И тут я понимаю, что вокруг – лишь океан вечного песка. Серого и безликого. На горизонте песок сливается с таким же бесцветным небом. На небе нет звёзд. На земле – ни души. Никого. Не осталось даже призраков. Я – последнее меркнущее сознание этого мира. Я тоже уйду, и тогда мир растает, как мираж в пустыне. Ведь если в мире никого нет, то кто сможет сказать, что этот самый мир есть? Но пока я ещё держусь за своё жалкое существование, у мира есть надежда. И у меня она тоже есть. Слабая, но есть.
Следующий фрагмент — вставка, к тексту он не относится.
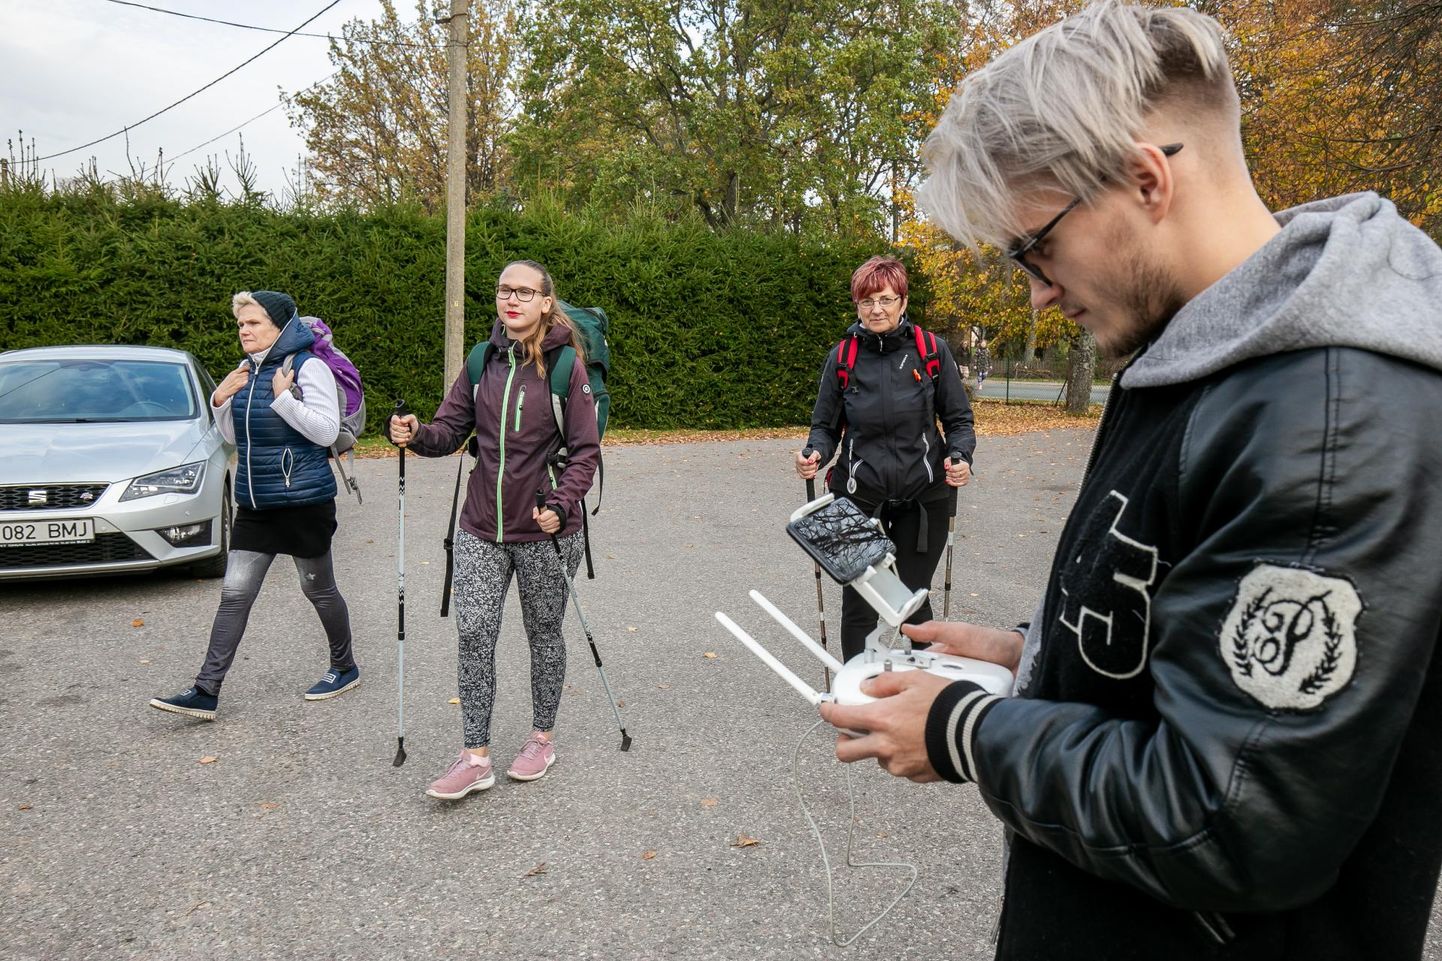 Kabli pagari ees hoidis droonivaatel silma peal matkavideo operaator Hans Markus Antson.

Я встаю и с трудом заставляю себя идти. Мне страшно. Мне кажется, я упаду, и тогда зыбучий песок поглотит меня. Но я переставляю ноги, как бы не было страшно провалиться в преисподнюю. Страх. Война. Борьба. Мои вечные спутники, незримые тени моего существования. Они и сейчас идут за мной, идут и ждут, когда я провалюсь. И тут оно случается: моя стопа подворачивается, и я падаю. Я падаю в песок и тону в нём, как в океане. Тьма обнимает меня, а я думаю, что ничего страшного в ней нет.

Во тьме есть даже звёзды. Они сияют, словно алмазы, в чёрной вышине надо мной. Я лежу, Мирон Вочински трясёт меня за плечи. Его голос в моём шлеме зовёт меня, а я не отвечаю. Поток солёных и холодных слёз душит меня. Наконец, я заставляю себя посмотреть на профессора. Но защитное стекло его шлема отражает те же звёзды, и лишь голос в моём наушнике говорит о том, что передо мной живой человек. Я отвечаю Мирону, что, кажется, я потеряла сознание, и профессор помогает мне сесть. Опираюсь руками о землю и пальцами нащупываю камешек. Сажусь и рассматриваю находку: в тусклом свете Луны и звёзд видно плохо, но понимаю, что это не галька, а маленькая окаменевшая ракушка. Она спиралью заворачивается внутрь себя и, кажется, когда-то была кулоном: в наросшем на перламутре известняке слабо мерцают истлевшие остатки филигранного плетения. Мирон Вочински включает карманный фонарик и подсвечивает мой трофей. Теперь останки искусственной оправы ракушки видны чётко. Наверное, говорит профессор, это самое древнее украшение на земле. Мне тоже кажется, что это так. У ракушки, говорю, очень древняя история. Древняя, как мир. Спрашиваю, можно ли взять кулон с собой. Профессор утвердительно кивает и кладёт мне на плечи руки. Мне становится неловко, но он лишь отстёгивает мой шлем. Система костюма предупреждает, что герметичность нарушена. Я в панике пытаюсь удержать шлем на месте, тогда профессор убирает руки и снимает свой. Он смотрит на меня, улыбается и что-то говорит, только я его плохо слышу. Вочински повторяет сказанное, используя гарнитуру шлема:

– Не бойтесь, – говорит, – воздух в этой местности не заражён.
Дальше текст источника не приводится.